As promised, a more detailed write up about the Citylink outage in Auckland earlier today.
Jumping straight to the chase, we deleted the native vlan from our VTP server (and hence most of our switches) in Auckland. We believe this caused some of our switches to stop talking spanning tree on those trunks and resulted in a layer 2 loop/broadcast storm. Service was restored when an engineer re-created the vlan on the VTP server.
We have been making a number of changes over the last 12 months with the goal of improving stability on the network[1]. Most of these changes have revolved around implementing best practise and ensuring consistency across all our switches.
The particular changes that resulted in the outage where around the interface configuration on Citylink switch to switch trunks.
Previously a trunk configuration would look something like:
interface GigabitEthernet0/1
switchport trunk native vlan 999
switchport trunk allowed vlan 1-4095
Under normal circumstances no traffic should be using the native vlan. To enforce this situation we removed the native vlan from the allowed list, e.g.
interface GigabitEthernet0/1
switchport trunk native vlan 999
switchport trunk allowed vlan 1-998,1000-4095
This change was completed without any issues.
The second part of the tidy up was to remove the native vlan completely from the network. We lab tested this scenario and there was no impact when removing the native vlan.
What we suspect happened is one or more switches had their spanning tree process bound to the native vlan.
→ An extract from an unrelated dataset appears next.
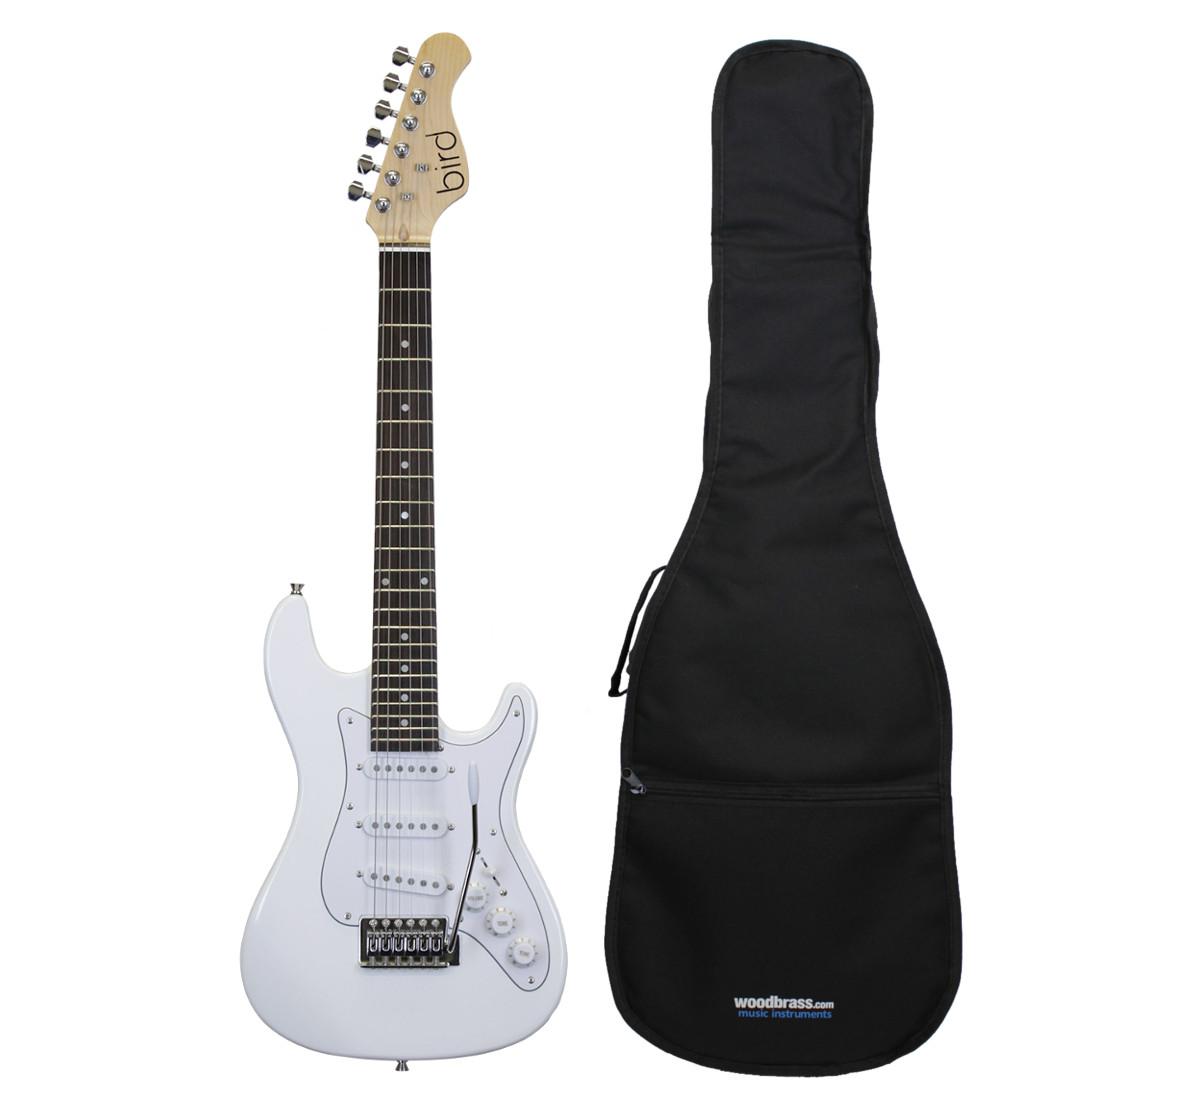 Bird Instruments Pack Stc20 Mini White + Egb10s
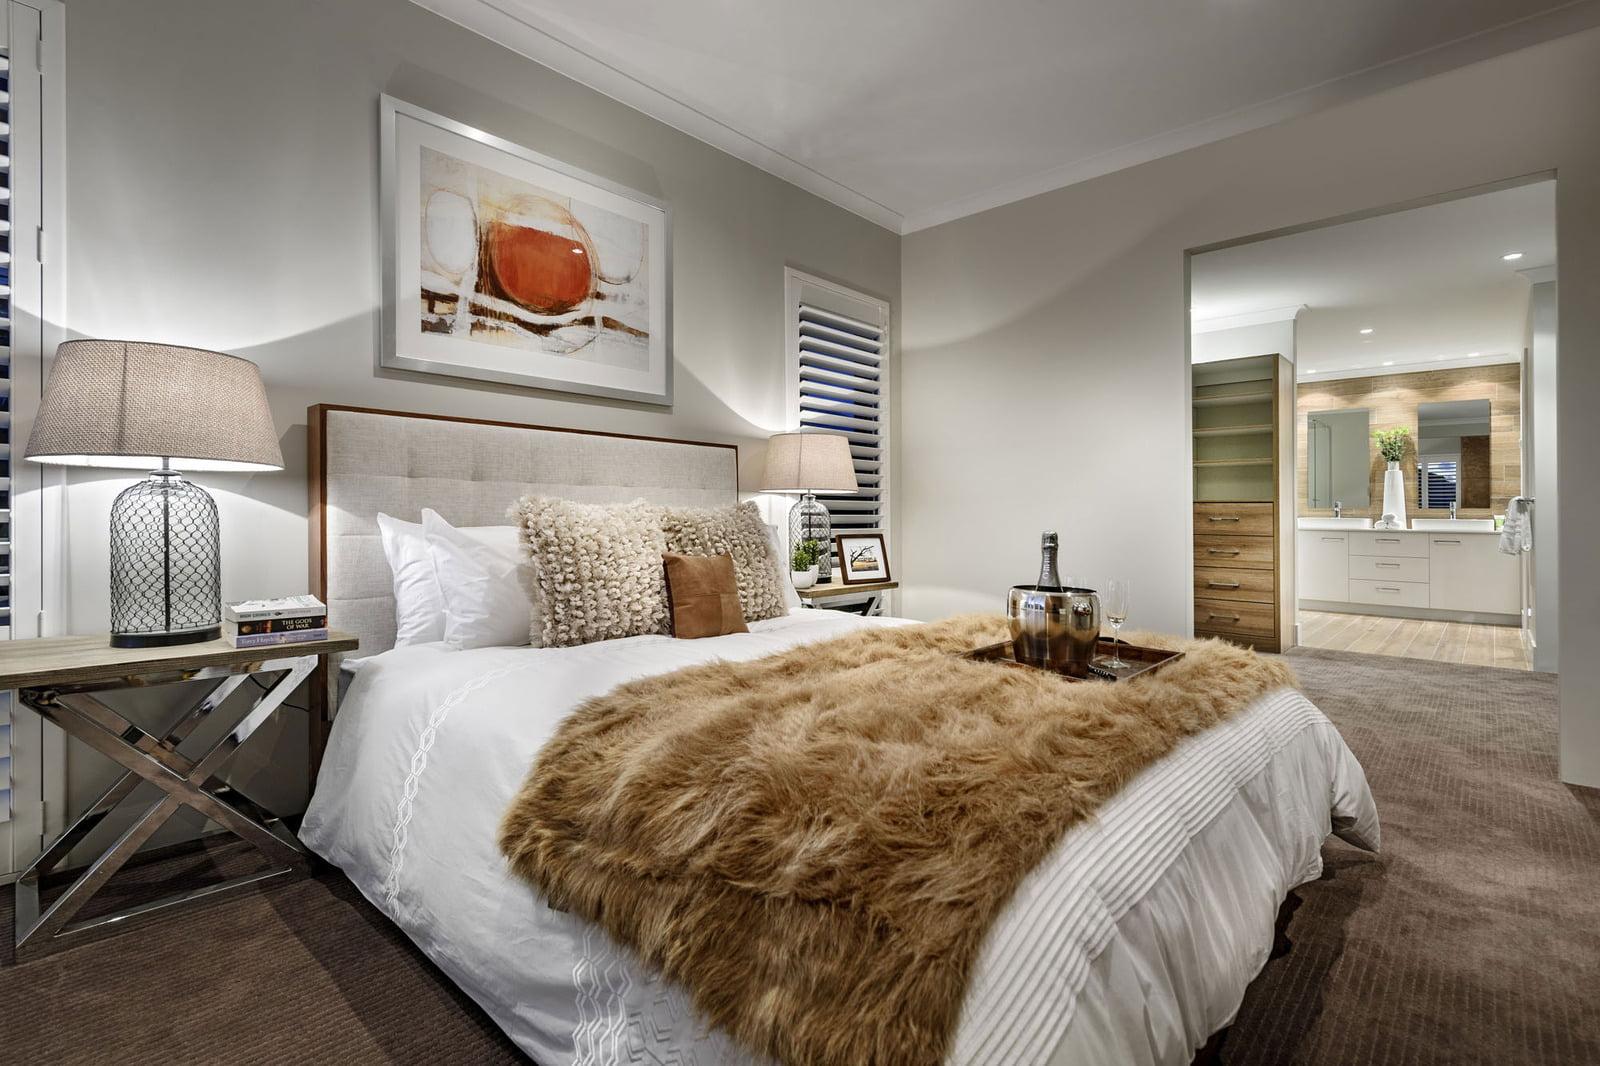 Diseño del dormitorio principal que incluye cuarto de baño completo

When the native vlan was removed the switches stopped talking spanning tree resulting in a loop.
Service was restored by an engineer going to site and using the console to re-create the native vlan on the VTP server.
Also, a big thanks to John from FX who assisted us restoring service with a very timely visit to the Sky Tower :)
Again, sorry for any inconvenience caused.
Dylan Hall
Network Engineer
CityLink Ltd
[1] Sadly the irony here hasn't gone unnoticed.